Застыдилась по-детски Марфа от слов и похвал свекрови. Бросилась целовать ее, спрятала голову на груди Натальи и тихо повторяет:
— Молчи уж, матушка… Не надо… Што ж я… Не кланяйся. Мне стыдно…
— И в ноги поклонюсь вот при всех, душенька ты моя ангельская, зоренька ясная! И не за то, што родня он мне. Нет. Дело великое ты сделала. Безвинного страдальца ровно из гробу оживила, честь оберегла… Воздаст тебе Господь. Бей челом, Петруша, государыне-царице да к руке приложись.
Неловко, угловато ударил челом Петр и двинулся взять руку Марфы, чтобы поцеловать. Но та решительно отдернула руку:
— И не дам… Што-то, братец… Так целуй, коли хочешь. А то руку. Нешто ты не брат государю-свету, господину нашему… Так и мне же братцем доводишься.
И крепко, звонко расцеловала царица красивого юношу — своего деверя.
Совсем пунцовым стал от этой неожиданной ласки царевич и еще прелестнее показался всем.
— Ой, и я бы похристосовалась с царевичем, — вдруг громко заявила одна из бойких прислужниц молодой царицы, — да уж Светла Христова Воскресенья погожу. Оно не за горами…
Сдержанный хохот прокатился среди остальных сенных.

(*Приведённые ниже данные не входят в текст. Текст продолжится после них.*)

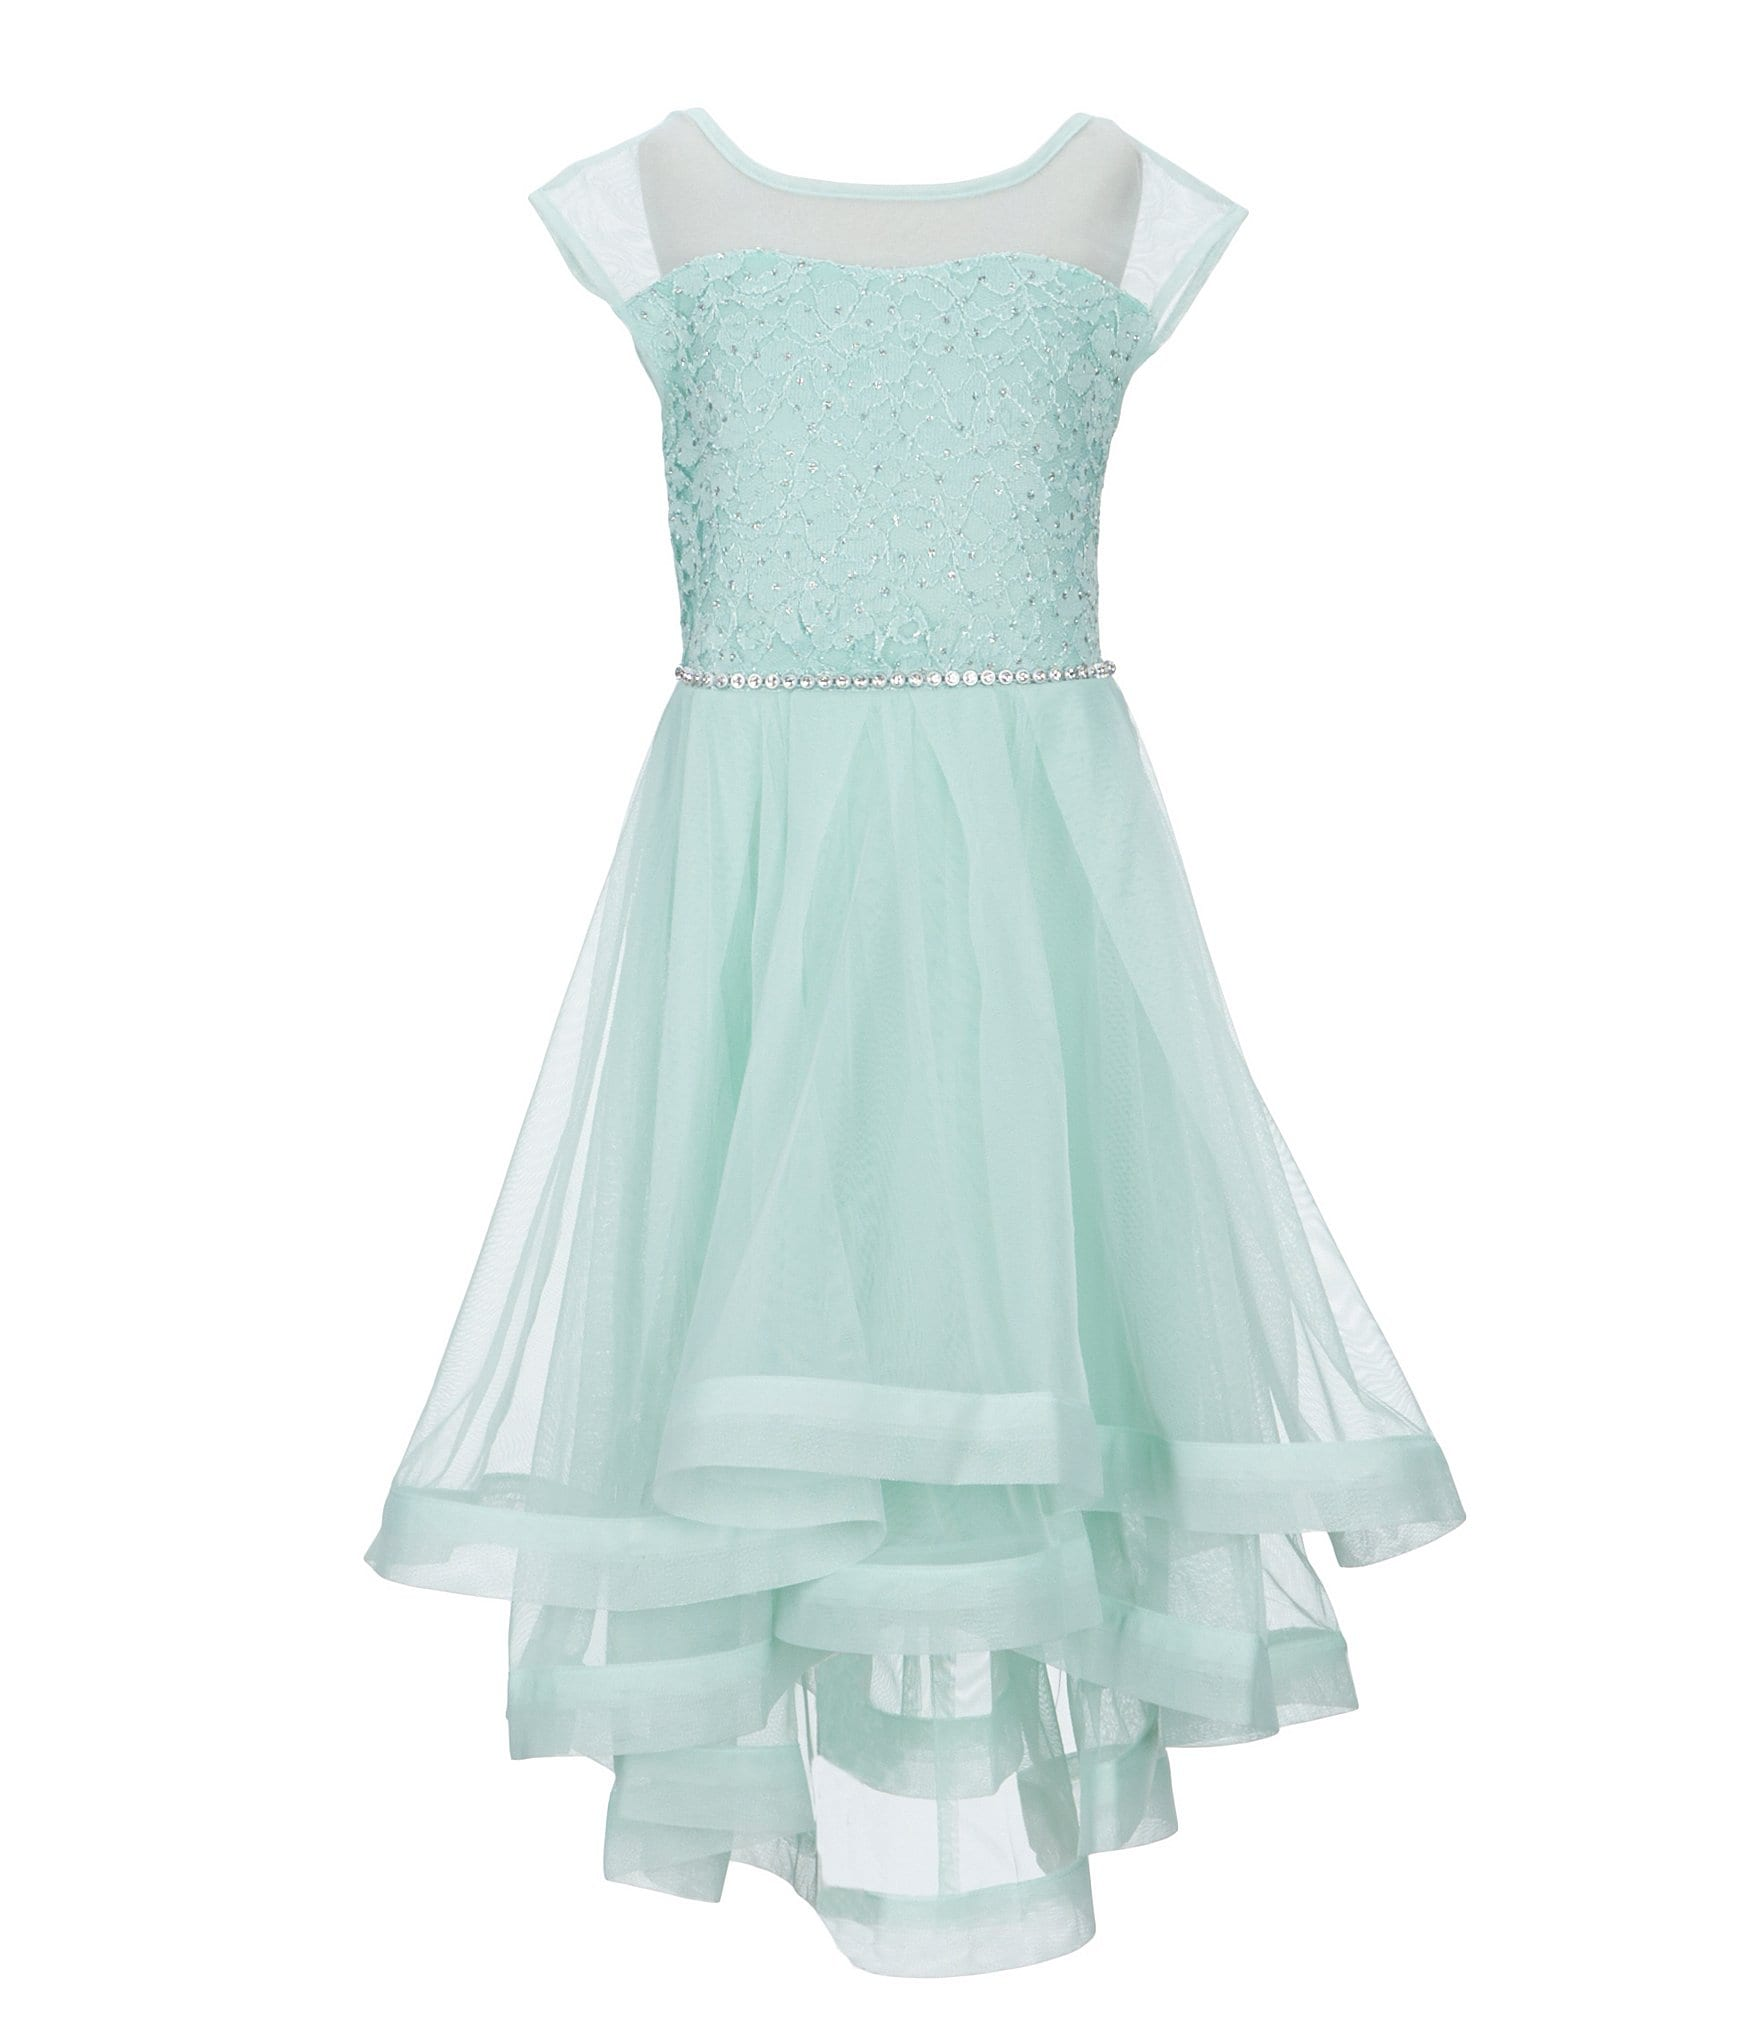 Unique Dillards Party Dress Picture Collection - All Wedding Dresses ...

Подталкивая друг дружку, они зашептались, зашушукались невнятно и звонко в то же время, вот как камыши под ветром шепчут порою на тихом пруду.

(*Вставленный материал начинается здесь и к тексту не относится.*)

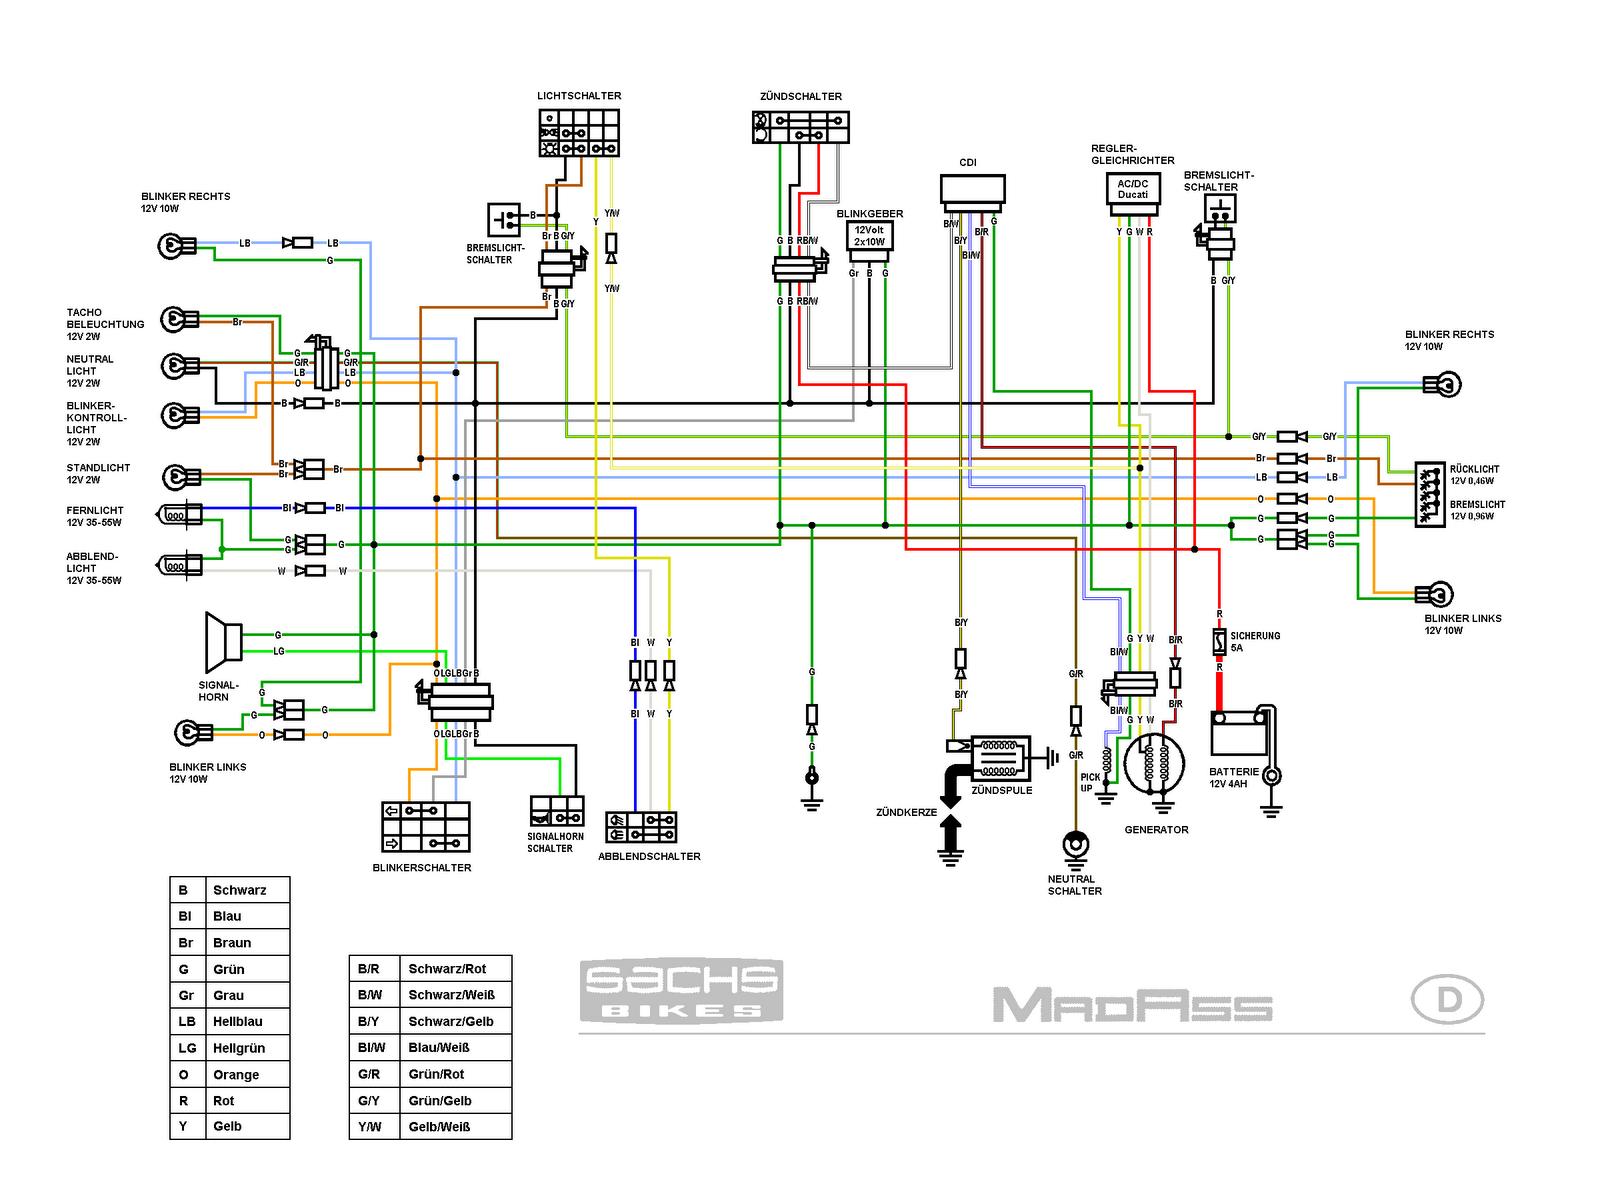 Engine wiring diagram yamaha mio thebuffalotruck

— Будет вам, хохотушки, — стараясь принять строгий вид, приказала Марфа. — Вот мы сядем с братцем. А вы покачайте нас лучче… Да хорошенько. Можно ли, как скажешь, матушка царица, Наталья Кирилловна?

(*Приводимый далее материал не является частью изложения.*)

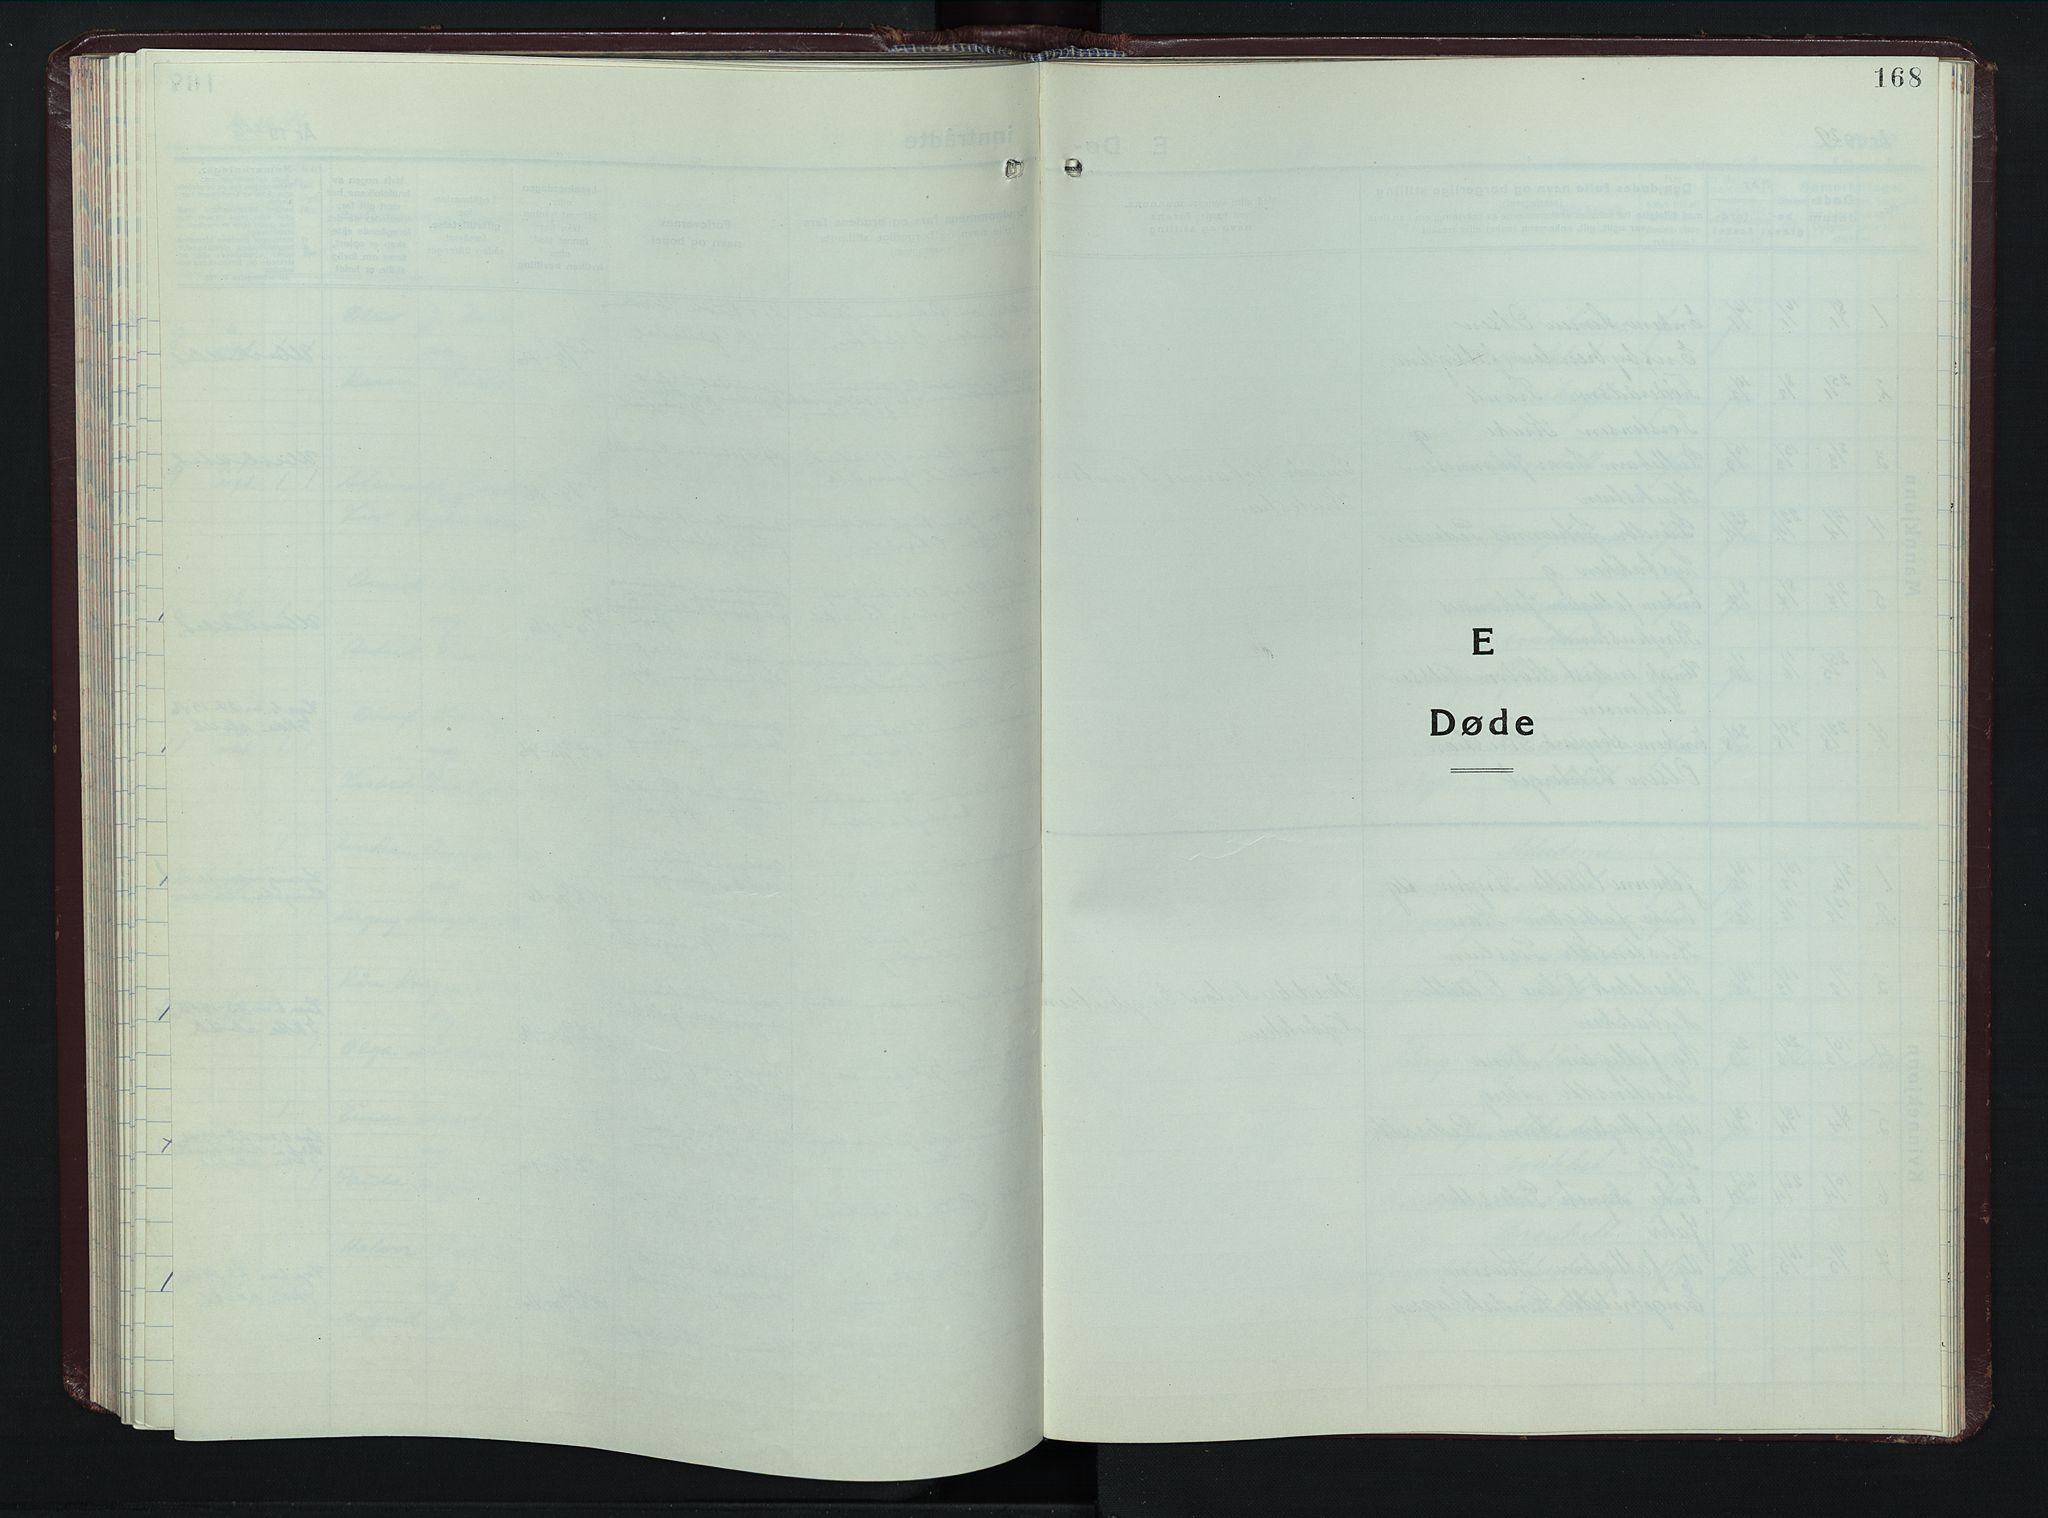 SAH, Øyer prestekontor, Klokkerbok nr. 8, 1929-1947, s. 168

— Да коли тешит тебя — и качайся, государыня-доченька, светик ты мой. А он и рад, поди. Куды охоч на все забавы. На ученье на книжное небось не так охотитца…
И, подперев рукой подбородок, задумалась Наталья, любуясь на сына и невестку. Теперь рядом они сидели на доске и плавно подымались и опускались вместе с нею под толчками сильных девичьих рук.
И тут же снова грянули-полились звуки разудалой хоровой песни, которую оборвали было сенные с приходом Натальи и Петра.
Захваченная веселым напевом, довольная близостью такого симпатичного, красивого юноши-брата, забыла и недавнюю грусть свою молодая царица. Щебечет, болтает с Петром, то вторит звонким своим голоском общему хору…
А Наталья сидит пригорюнясь. И рада она, что не врага, а друга нашла в новой жене Федора. И горько ей, что скоро судьба подрежет все радости, каких может ждать и требовать от жизни беззаботная молодая царица, и по годам и по душе — почти еще дитя.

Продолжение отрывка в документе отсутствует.